他靠近林序南的耳側,聲音壓得極低,“看你這樣,我就更想親了。”
林序南喉結輕輕一滾,下意識吞了口唾沫。
肩膀微微一僵,卻又不自覺地朝裴青寂的方向靠了靠,仿佛在用克制掩飾心底的動搖。
他壓著聲音,假裝隨意地丟下一句,“忙完早點回家。
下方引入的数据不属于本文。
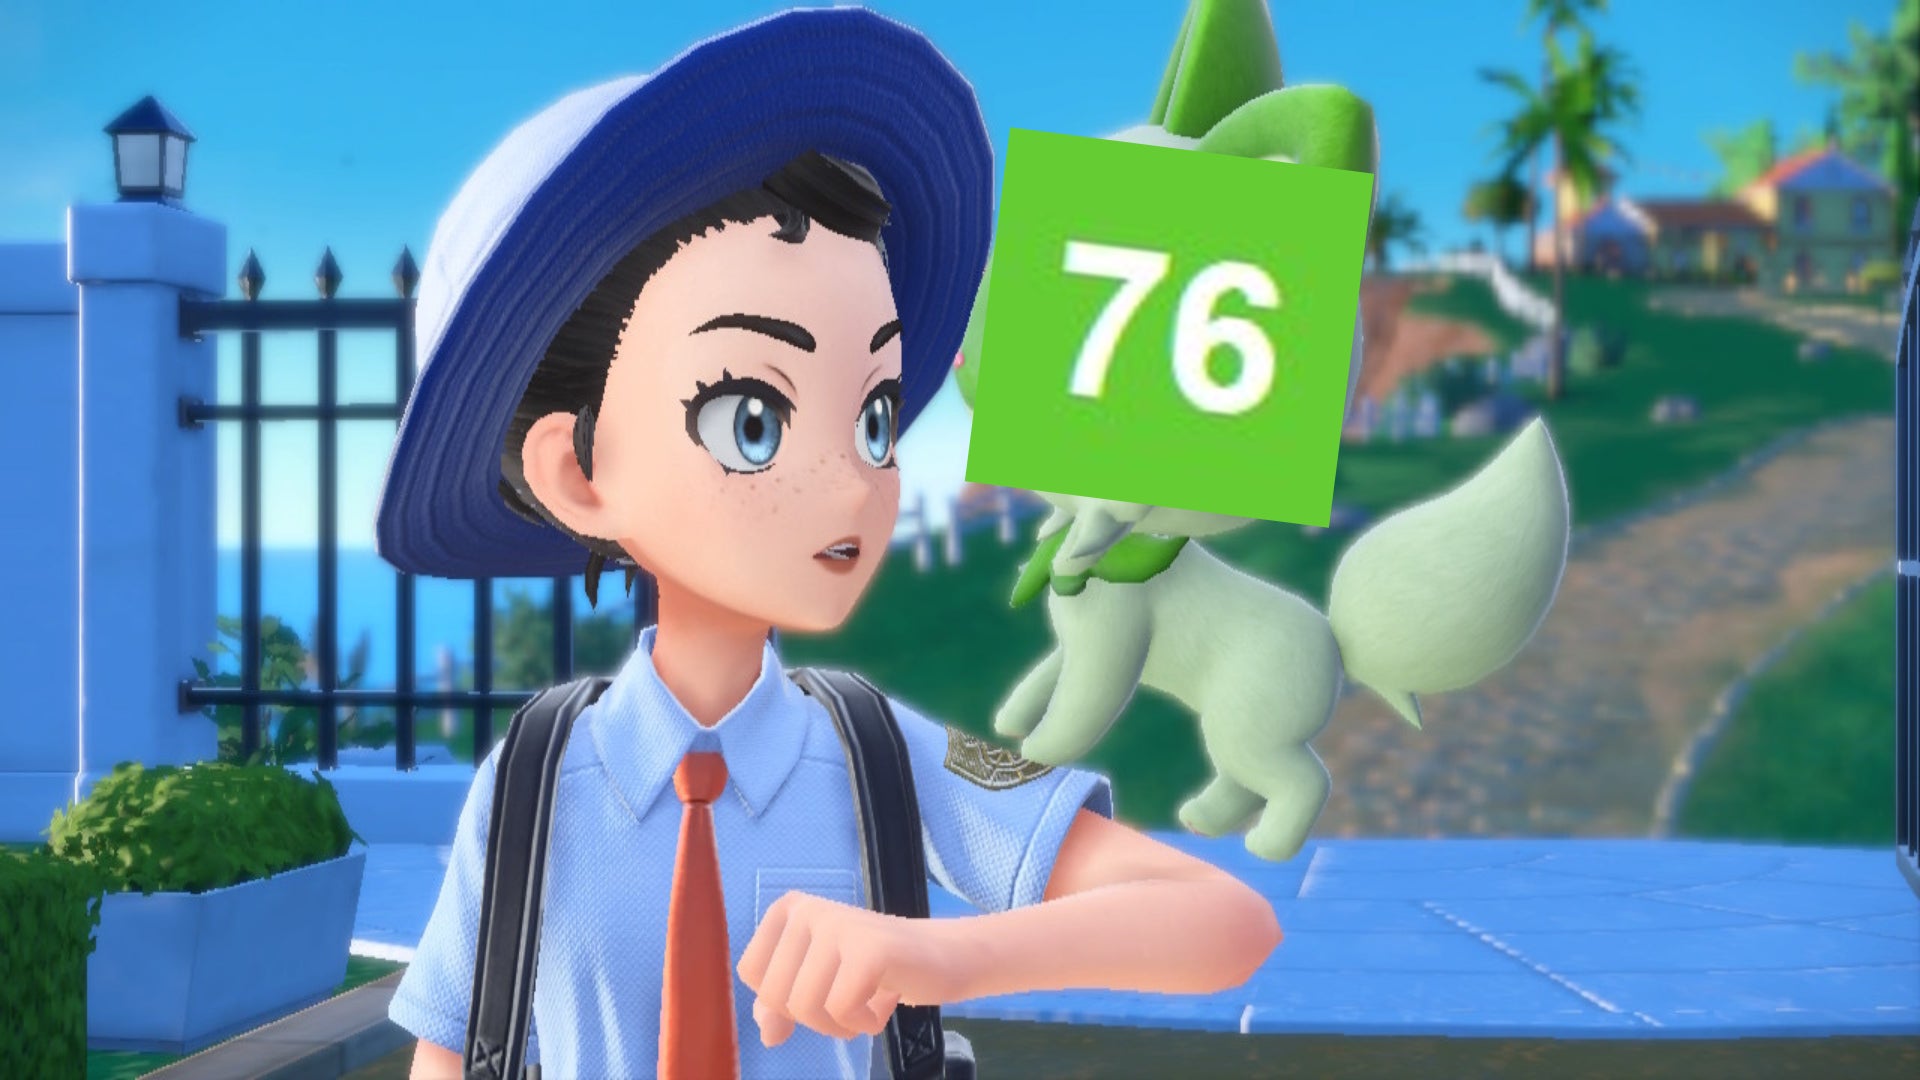 Image for Pokemon Scarlet and Violet is the series’ lowest rated mainline game on Metacritic, yet I can’t stop playing it

”
時間在兩人之間緩緩流動。
書頁翻動的細碎聲、筆尖在紙面摩擦的輕響、低聲的討論與點頭,都像一條無形的絲線,將他們牢牢牽在一起,編織出一種悄然而私密的默契。
傍晚的余暉透過高大的窗戶斜斜落下,映得桌上書頁的影子被拉長。
那影子與兩人并肩而坐的輪廓交疊,心跳仿佛隨著翻頁和呼吸一同律動。
林序南撐著下巴,眼神緊緊盯著屏幕,神情專注而倔強。
他偶爾皺眉敲下一行公式,下一秒又迅速劃掉,疲憊讓他的眼皮愈發沉重,卻仍死死支撐著查找文獻。
裴青寂半倚在椅背上,身姿放松,卻全然不顯懶散。
金絲邊眼鏡下,他的眼神冷靜而銳利,手指在鍵盤上敲擊的節奏穩定而從容,像是對這種熬夜的日子習以為常。
“這部分討論還不夠詳細,你得再補點實驗背景。”他瞥了眼共享文檔,語氣淡淡,卻帶著一種天然的掌控和不容置疑。
“嗯……我知道。”林序南揉了揉眉心,手指懸在鍵盤上,卻因疲憊而遲疑。
裴青寂靜靜看了他片刻,目光落在他泛紅的眼角,心頭微微一緊。
他伸手奪過林序南手里的筆,將一杯熱水推到他手邊,語氣溫和卻不容拒絕,“喝口水。你要是倒下了,論文還得我一個人寫。”
林序南愣了愣,抿唇接過,輕聲反駁,“我沒那么脆弱。”
可聲音里的倔強,卻掩不住微微沙啞。
裴青寂低低一笑,不再爭辯,只抬手看了看腕上的表。
夜色已深,指針指向快要跨過的零點,他順勢把桌上散落的書本與紙張一一收攏,堆疊整齊。動作沉穩克制,卻帶著一股不容置疑的體貼,“走吧,時間不早了。”
裴青寂將書包單肩背著,另一只手順勢攬住林序南的肩,掌心溫熱,像是在隔著衣料也能將心意渡過去。
夜色漸深,天幕像被墨色緩緩鋪開,點點星子在遠處靜靜閃爍,仿佛與他們的呼吸一同跳動。
微涼的夜風拂過街道,帶著一絲草木清香,也帶走了白日的喧囂。
走到街角時,裴青寂忽然低頭,目光含笑,指尖順著林序南的手臂滑下,扣住了他的指尖。
指尖相觸的那一瞬,林序南的心口驀地一緊,血液仿佛在耳畔轟鳴,掌心卻乖順地被他牽住。
街燈投下斑駁的光影,兩人的影子被拉長,又自然地重疊在一起,像是夜色也默許了這份親密。
“冷嗎?”裴青寂低聲問,嗓音沉穩而溫柔。
林序南搖搖頭,卻還是忍不住低聲嘟囔,“你手心好燙。”
裴青寂笑意更深,握得更緊些,“那就暖著你。”
夜風吹散發梢,兩人并肩而行,手指交纏,仿佛整個世界都只剩下彼此。
遠處的星光、近處的燈火,都在悄悄見證這一份溫柔與熾熱。
林序南一進門,就隨手把手機往茶幾上一丟,整個人撲到沙發上,臉埋進柔軟的靠枕里,“累死了,不想動了。”
裴青寂關上門,隨手把燈調暗。
暖黃色的光灑落下來,將客廳籠罩在一片靜謐的氛圍里,也在他眉眼間投下一層柔和的陰影。
他走過去,俯身坐到床邊,伸手把林序南翻過來,動作不緊不慢。
“剛才還嘴硬,說自己不脆弱。”他低聲笑,指尖在林序南的額前撥開幾縷亂發,帶著一點寵溺。
林序南瞇著眼,耳尖發熱,卻又懶得爭辯,只抬手虛虛地推了他一下,“別吵,我要睡了。”
裴青寂卻順勢握住他的手,掌心的溫度牢牢裹住那一絲象征性的抵抗。